According to Mark Adams, the park’s federally appointed receiver, Larson has said the U.S. government would have to pay for the relocation of tenants if Duroville was closed. Based on past experience with government condemnation of apartment complexes, Adams calculated that cost at as much as $40,000 per housing unit -- or more than $10 million to cover Duroville’s 267 trailers.

“I definitely do not get the sense that the judge is closing the place down,” he said. “Everything he has done indicates that it is his preference that if he can figure a way to get Duroville rehabbed, he would take it over putting people out into the street.”

But Thom Mrozek, spokesman for the U.S. attorney’s office in Los Angeles, said the judge never told the government it would have to pay to relocate residents. “It simply didn’t happen,” he said. “Any claim that we would be responsible is undercut by the fact that Duroville is an illegal enterprise and should never have been there to begin with.”

Adams said the park has undergone major changes over the last year.

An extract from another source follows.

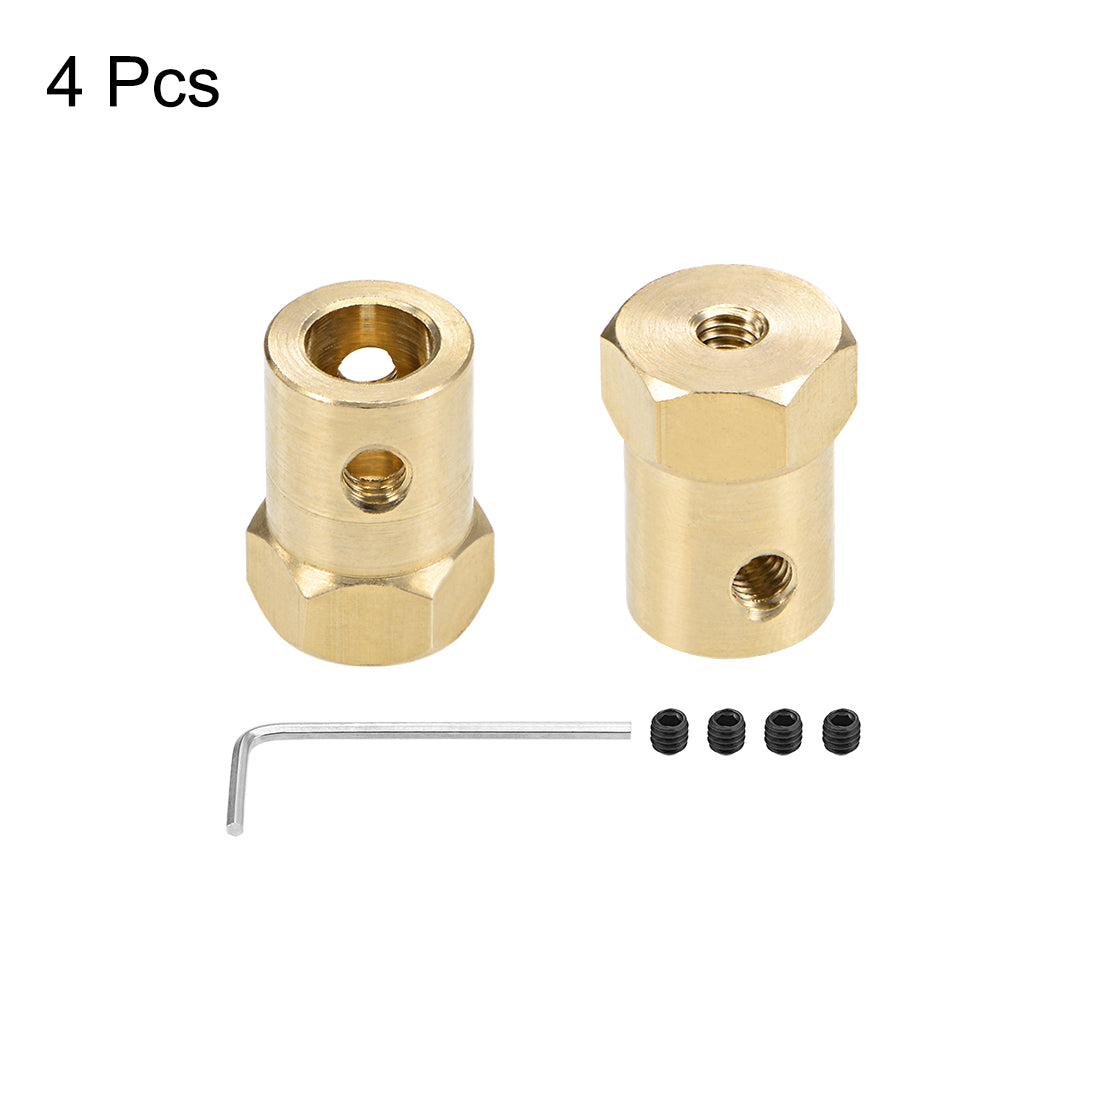 Uxcell Uxcell Hex Coupler 3mm Bore Motor Hex Brass Shaft Coupling Connector for Car Wheels Tires Shaft Motor 4pcs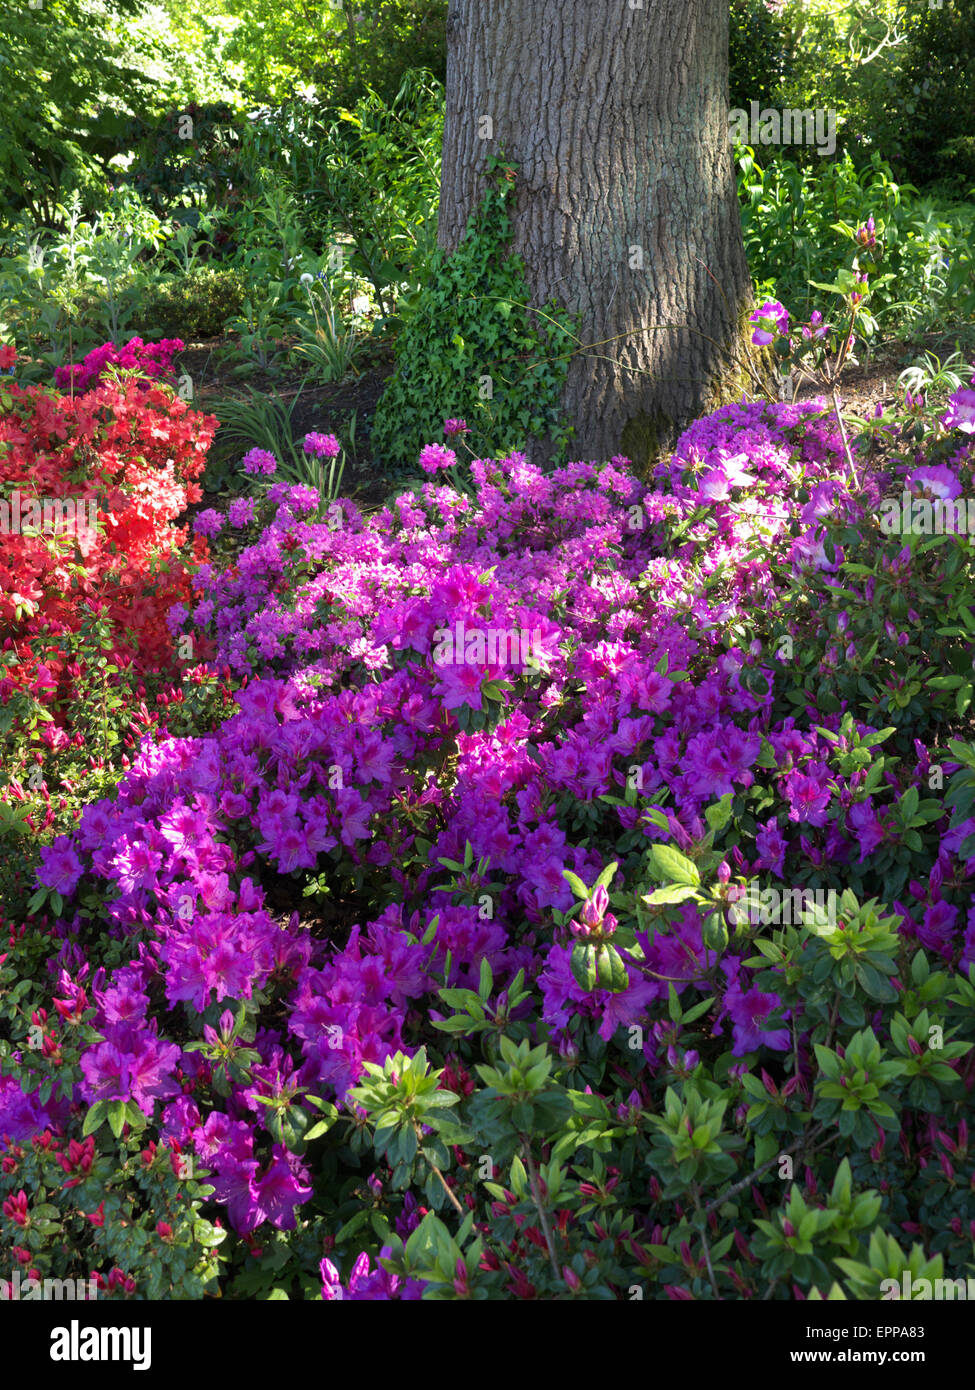 Lush sunlit purple Rhododendron in dappled shade with full spring bloom Stock Photo

Sewage ponds have been dredged, fire hazards removed and unlicensed businesses closed. Park management and Catholic Church workers have organized block captains to notify them of problems and residents’ concerns.

Adams, who has done receiverships throughout the state, said he expects to get $6 million in loans to upgrade trailers and renovate the park infrastructure, a task he said could be completed in 18 to 24 months.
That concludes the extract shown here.